Brome was by profession an attorney, and was the author of many drinking songs and of satirical verses in favour of the Royalists and in opposition to the Rump Parliament. In 1661, following the Restoration, he published Songs and other Poems, containing songs on various subjects, followed by a series of political songs; ballads, epistles, elegies and epitaphs; epigrams and translations. Izaak Walton wrote an introductory eclogue for this volume in praise of the writer, and his gaiety and wit won him the title of the English Anacreon in Edward Phillips's Theatrum Poetarum.[1]

Brome published a translation of Horace by himself and others in 1666, and was the author of a comedy entitled The Cunning Lovers (1654). He also edited two volumes of Richard Brome's plays.[1]

He died in his house in Barge Yard in the parish of St Stephen Walbrook in the City of London in June 1666, and was buried in the parish church.[2]

References

  1. ^ a b Encyclopædia Britannica, 1911
  2. ^ Newcourt, Richard (1708).

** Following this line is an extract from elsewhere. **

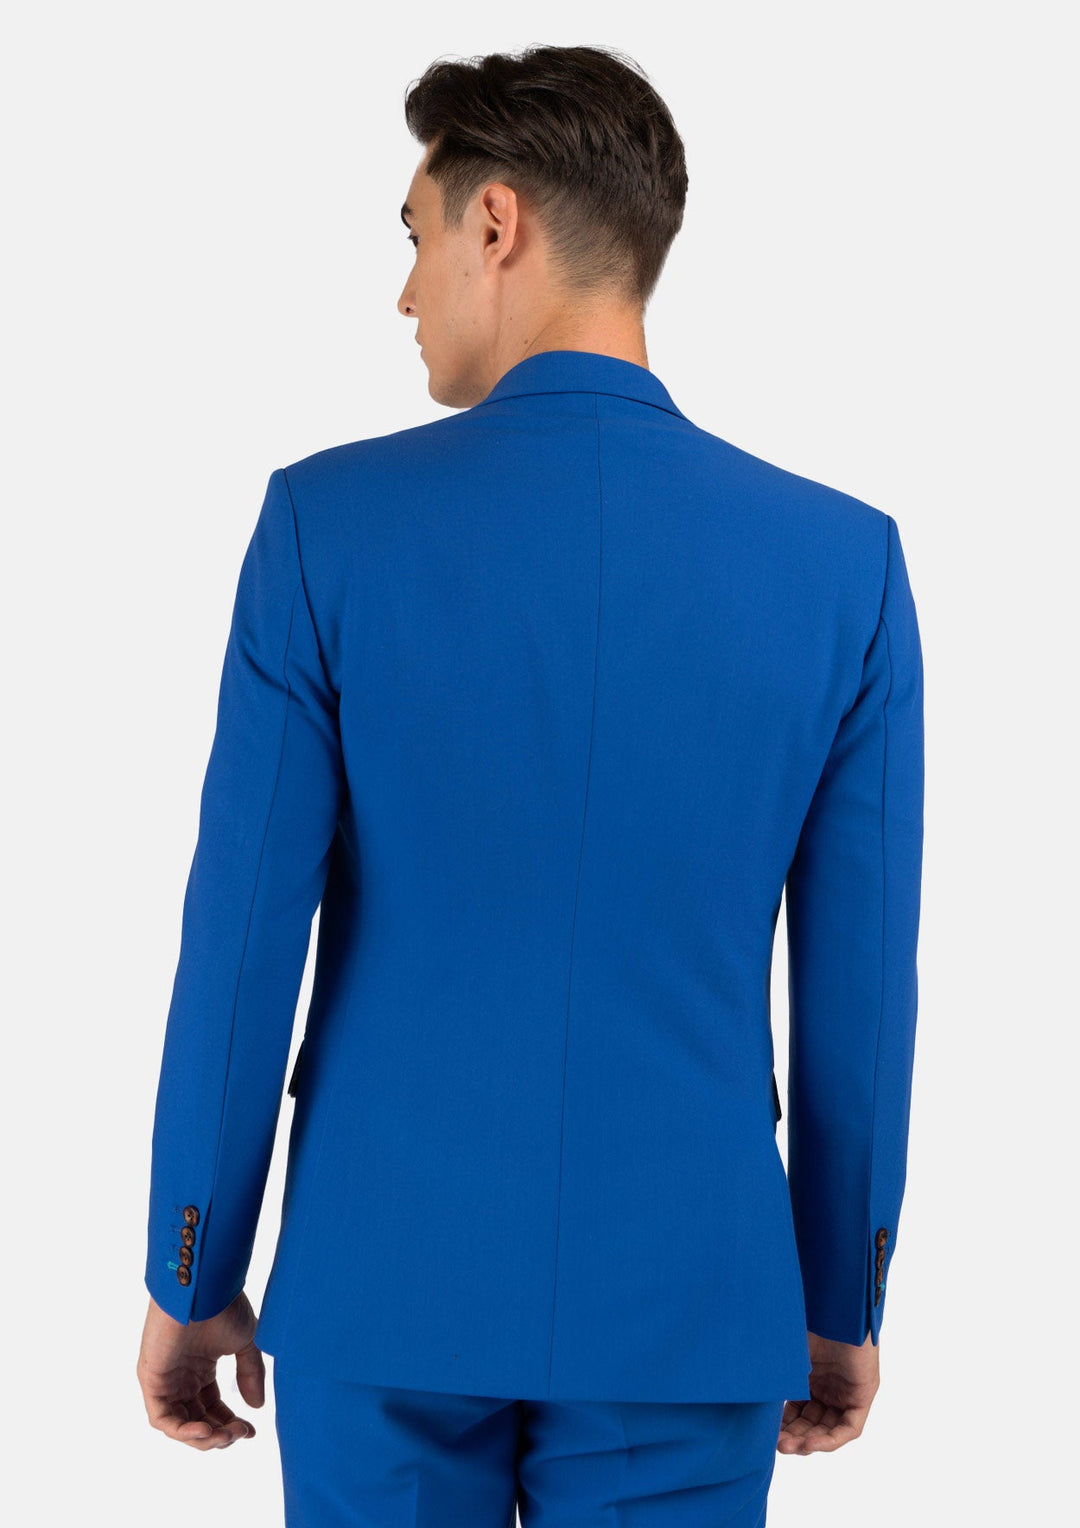 Astor Royal Blue Stretch Jacket - SARTORO

Repetorium Ecclesiasticum Parochiale Londinense 1. London. p. 106. 

Sources


6 Annotations

TerryF  •  Link

Alexander Brome (1620 – June 30, 1666), was an English poet.

"He was by profession an attorney, and was the author of many drinking songs and of satirical verses in favor of the Royalists and in opposition to the Rump Parliament. In 1661, following the Restoration, he published Songs and other Poems, containing songs on various subjects, followed by a series of political songs; ballads, epistles, elegies and epitaphs; epigrams and translations. Izaak Walton wrote an introductory eclogue for this volume in praise of the writer, and his gaiety and wit won for him the title of the English Anacreon in Edward Phillips's Theatrum Poetarum.

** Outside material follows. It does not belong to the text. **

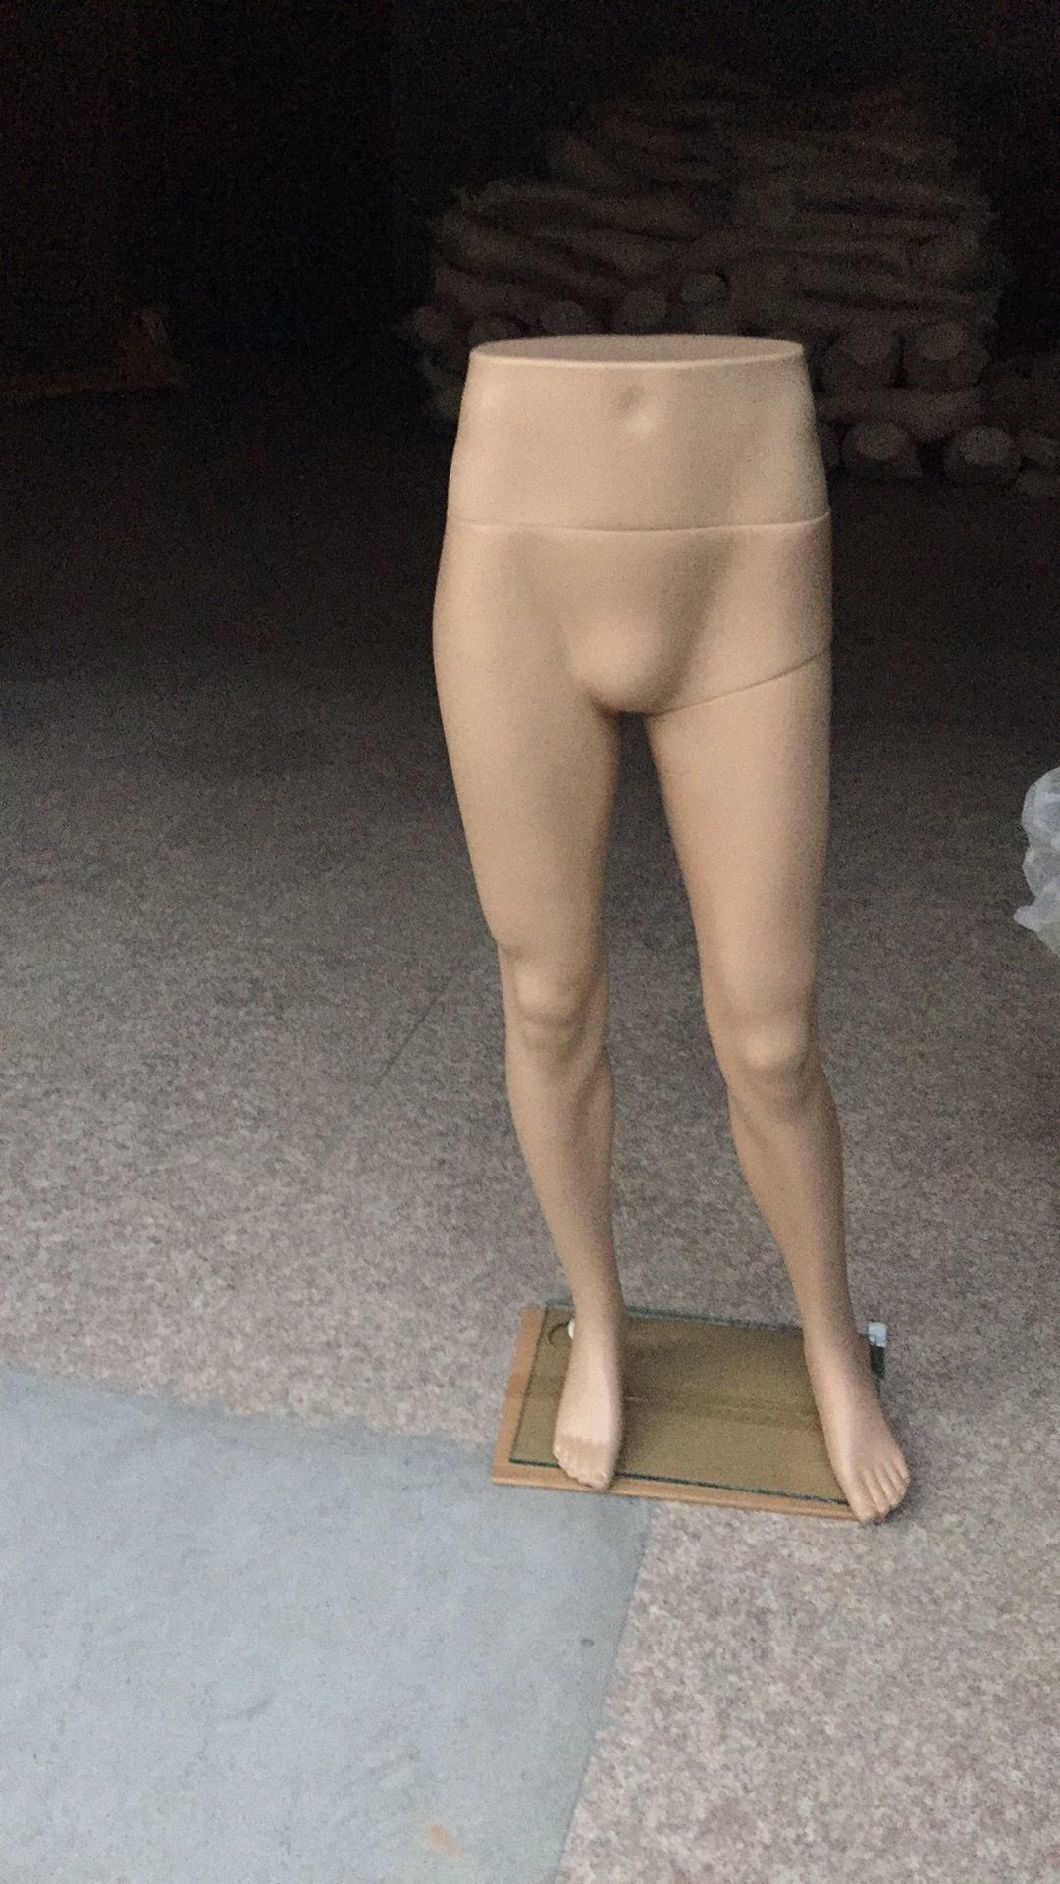 Plastic Male Standing Pant Half-Body Mannequin Model

"Brome published in 1666 a translation of Horace by himself and others, and was the author of a comedy entitled The Cunning Lovers (1654). He also edited two volumes of Richard Brome's plays."
http://en.wikipedia.org/wiki/Alexander_Brome

in Aqua Scripto  •  Link

"The Mad Lover" a must read for all those that suffer spring, vino and credit cards.

dirk  •  Link

"Courtship" clearly inspired by Catullus:

Vivamus, mea Lesbia, atque amemus,
rumoresque senum seueriorum
omnes unius aestimemus assis.
soles occidere et redire possunt:
nobis cum semel occidit breuis lux,
nox est perpetua una dormienda.
da mi basia mille, deinde centum,
dein mille altera, dein secunda centum,
deinde usque altera mille, deinde centum.
dein, cum milia multa fecerimus,
conturbabimus illa, ne sciamus,
aut ne quis malus inuidere possit,
cum tantum sciat esse basiorum.

Let us live, my Lesbia, let us love,
and all the words of the old, and so moral,
may they be worth less than nothing to us!
Suns may set, and suns may rise again:
but when our brief light has set,
night is one long everlasting sleep.
Give me a thousand kisses, a hundred more,
another thousand, and another hundred,
and, when we’ve counted up the many thousands,
confuse them so as not to know them all,
so that no enemy may cast an evil eye,
by knowing that there were so many kisses.

Transl.: (c) 2001 A.S.Kline
http://www.adkline.freeuk.com/Catullus.htm#_Toc...

Wim van der Meij  •  Link

Another title of works by his hand: "Loyal Songs and Madrigals". A bit of a spoiler: Sam records his death in the Diary on 3rd July 1666.

Bill  •  Link

Alexander Brome, an attorney, in the lord mayor's court, was author of songs, madrigals, epigrams, and other little pieces of poetry. His songs were much sung by the cavaliers, and played by every fiddler. The loyalty and the tune appear to have been the chief recommendation of these compositions. His most considerable performance is a translation of Horace. He died in June, 1666, to the great regret of all his friends, who lost a very agreeable companion.
---A Biographical History of England. J. Granger, 1775.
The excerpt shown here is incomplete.